§ Task: All of the lines below need to be copied exactly, apart from the pictures.

═══ Data section ═══

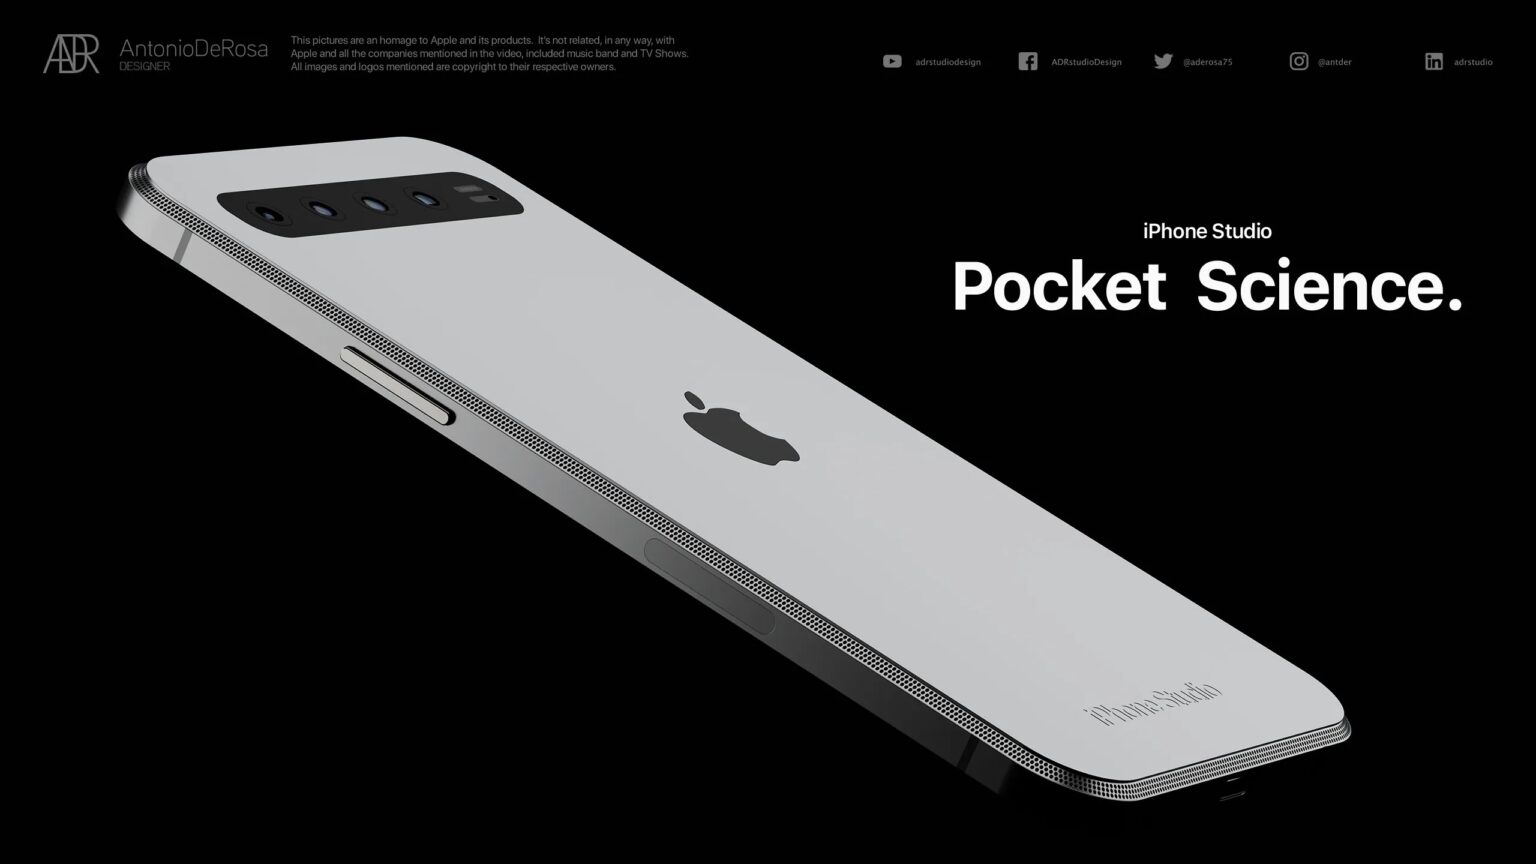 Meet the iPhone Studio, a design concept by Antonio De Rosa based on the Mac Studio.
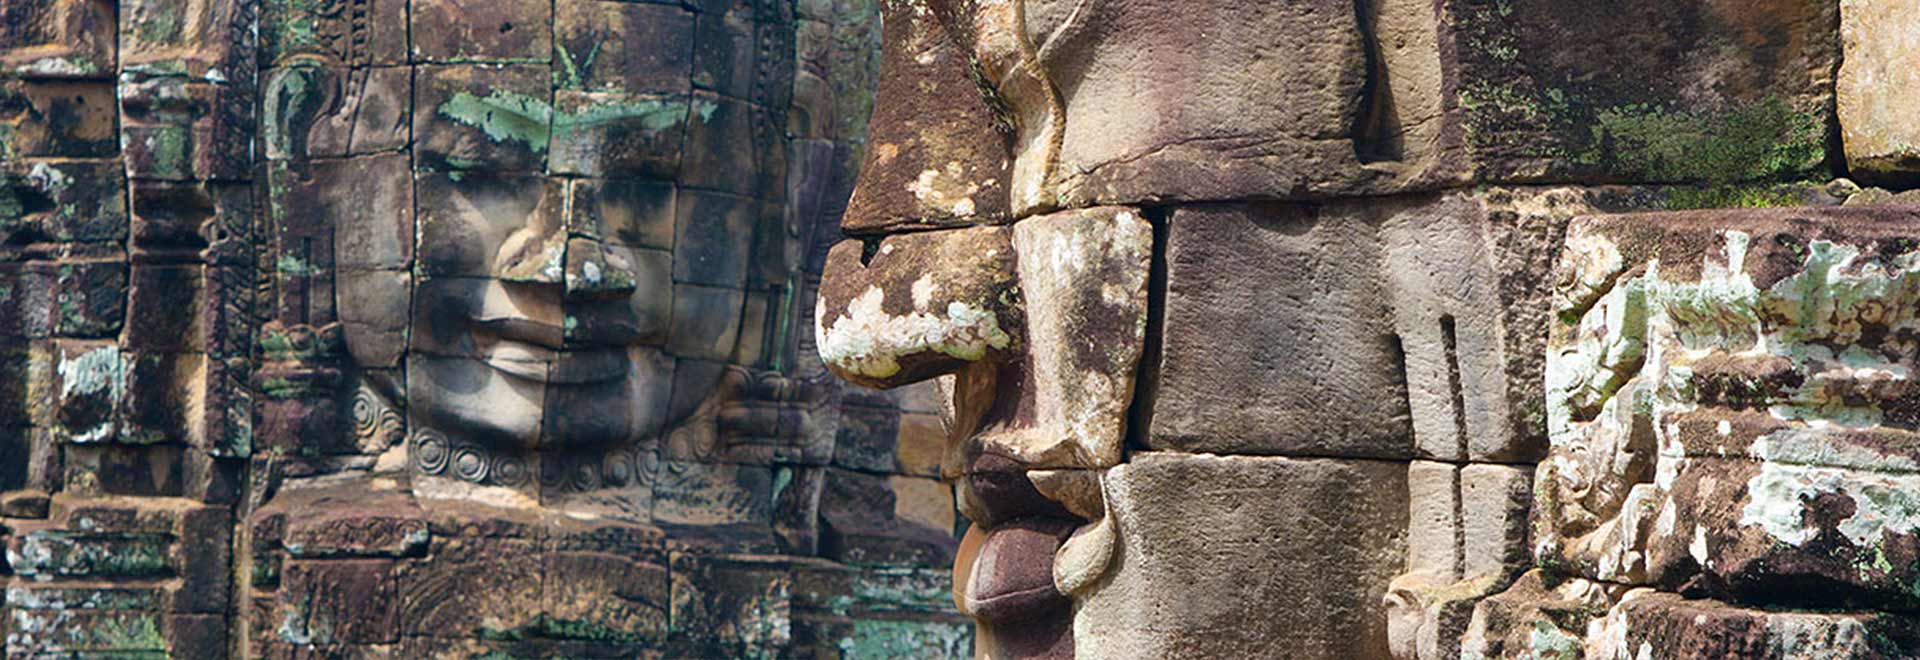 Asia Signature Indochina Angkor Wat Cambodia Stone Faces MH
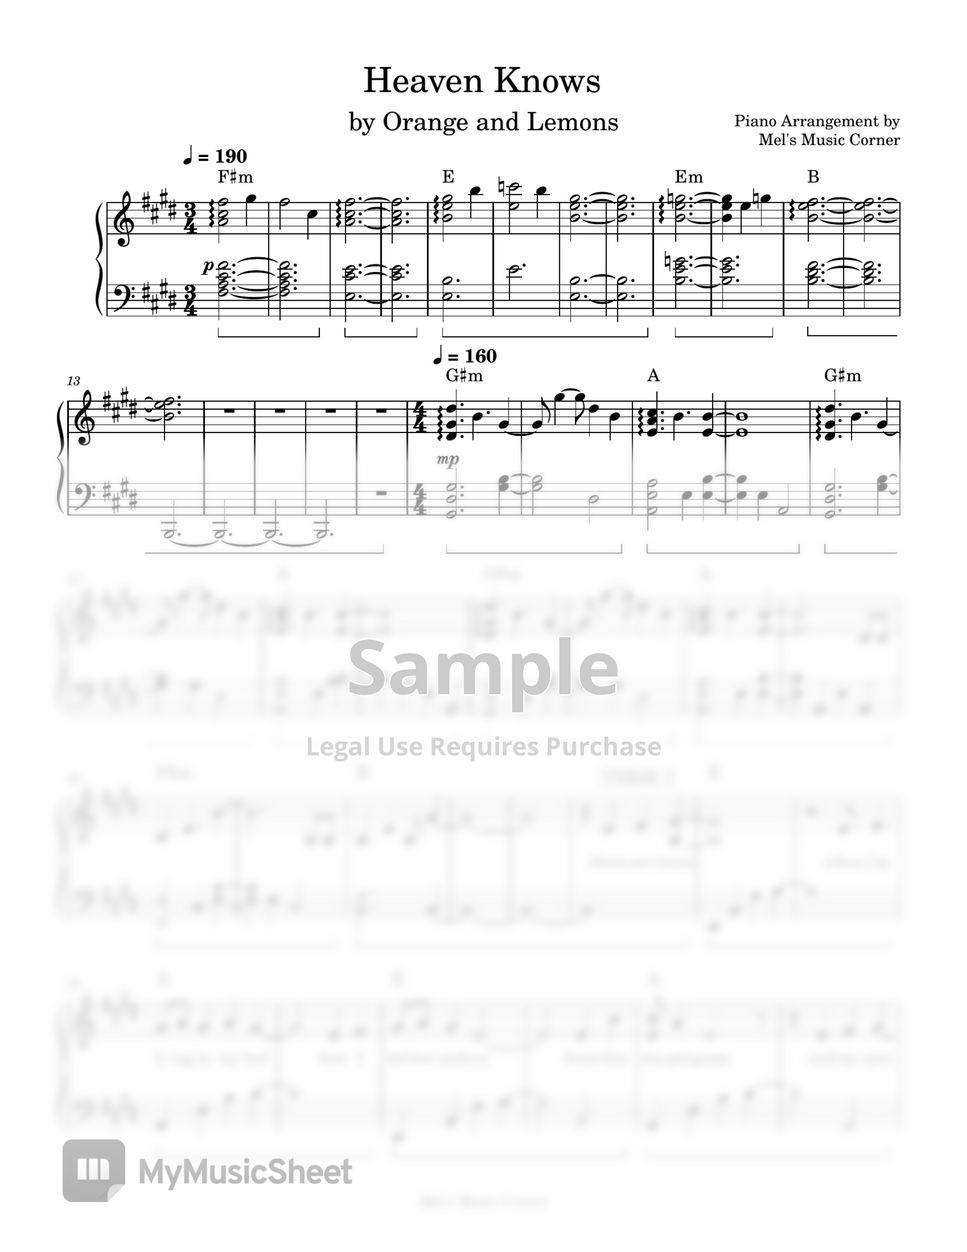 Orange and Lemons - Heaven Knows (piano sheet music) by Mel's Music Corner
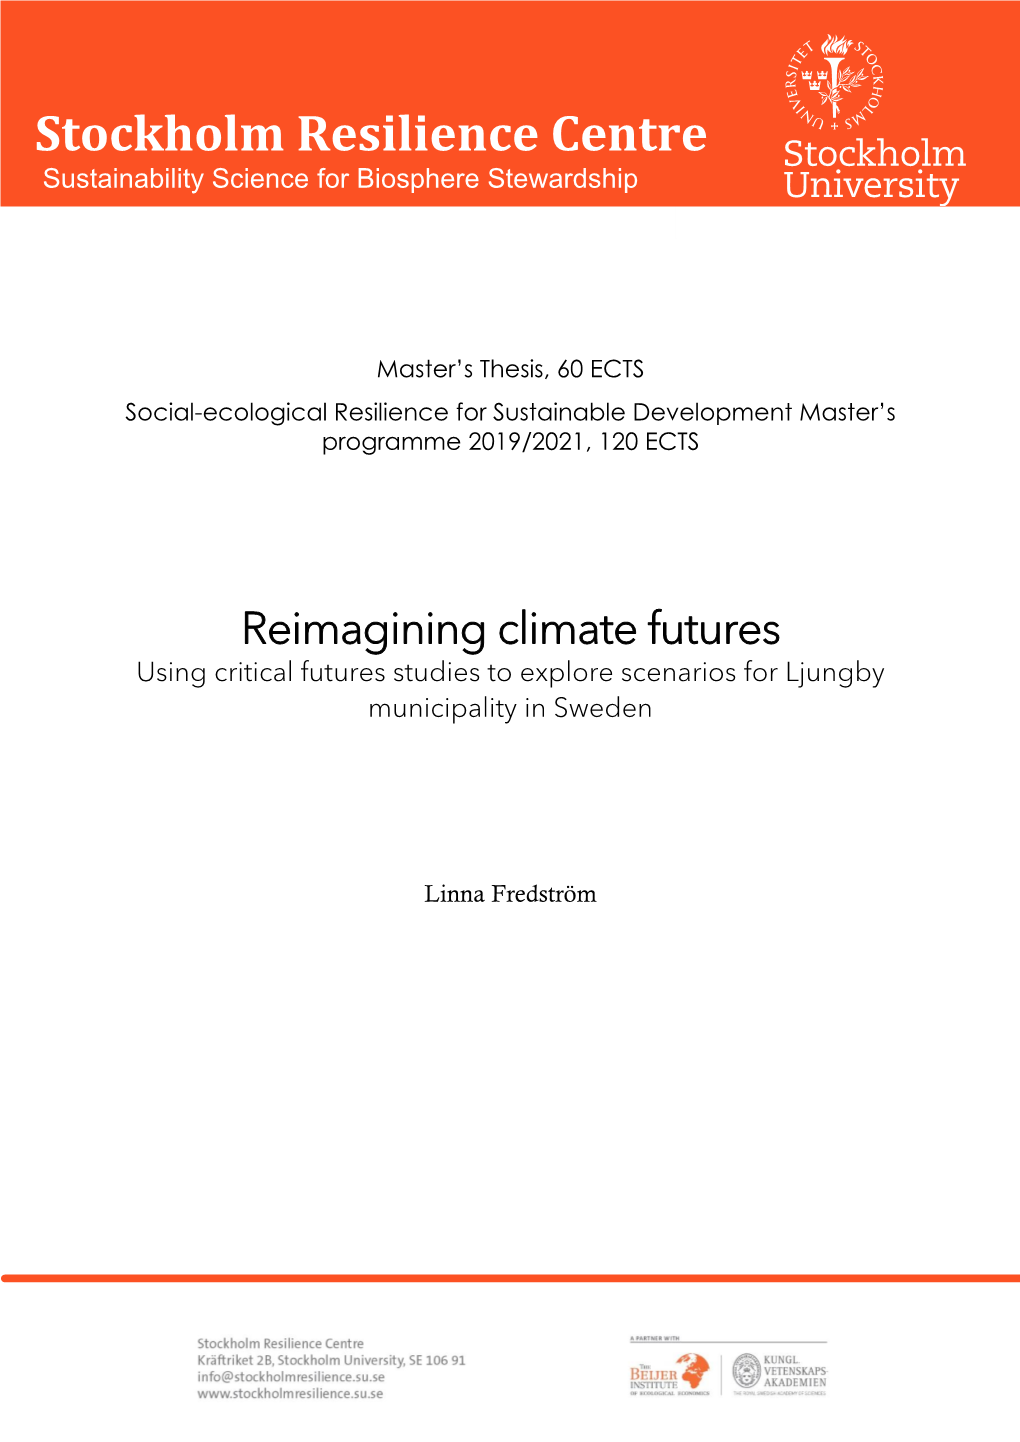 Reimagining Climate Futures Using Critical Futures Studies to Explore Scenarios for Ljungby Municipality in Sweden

═══

§ Expected output:
 Meet the iPhone Studio, a design concept by Antonio De Rosa based on the Mac Studio.
 Asia Signature Indochina Angkor Wat Cambodia Stone Faces MH
 Orange and Lemons - Heaven Knows (piano sheet music) by Mel's Music Corner
 Reimagining Climate Futures Using Critical Futures Studies to Explore Scenarios for Ljungby Municipality in Sweden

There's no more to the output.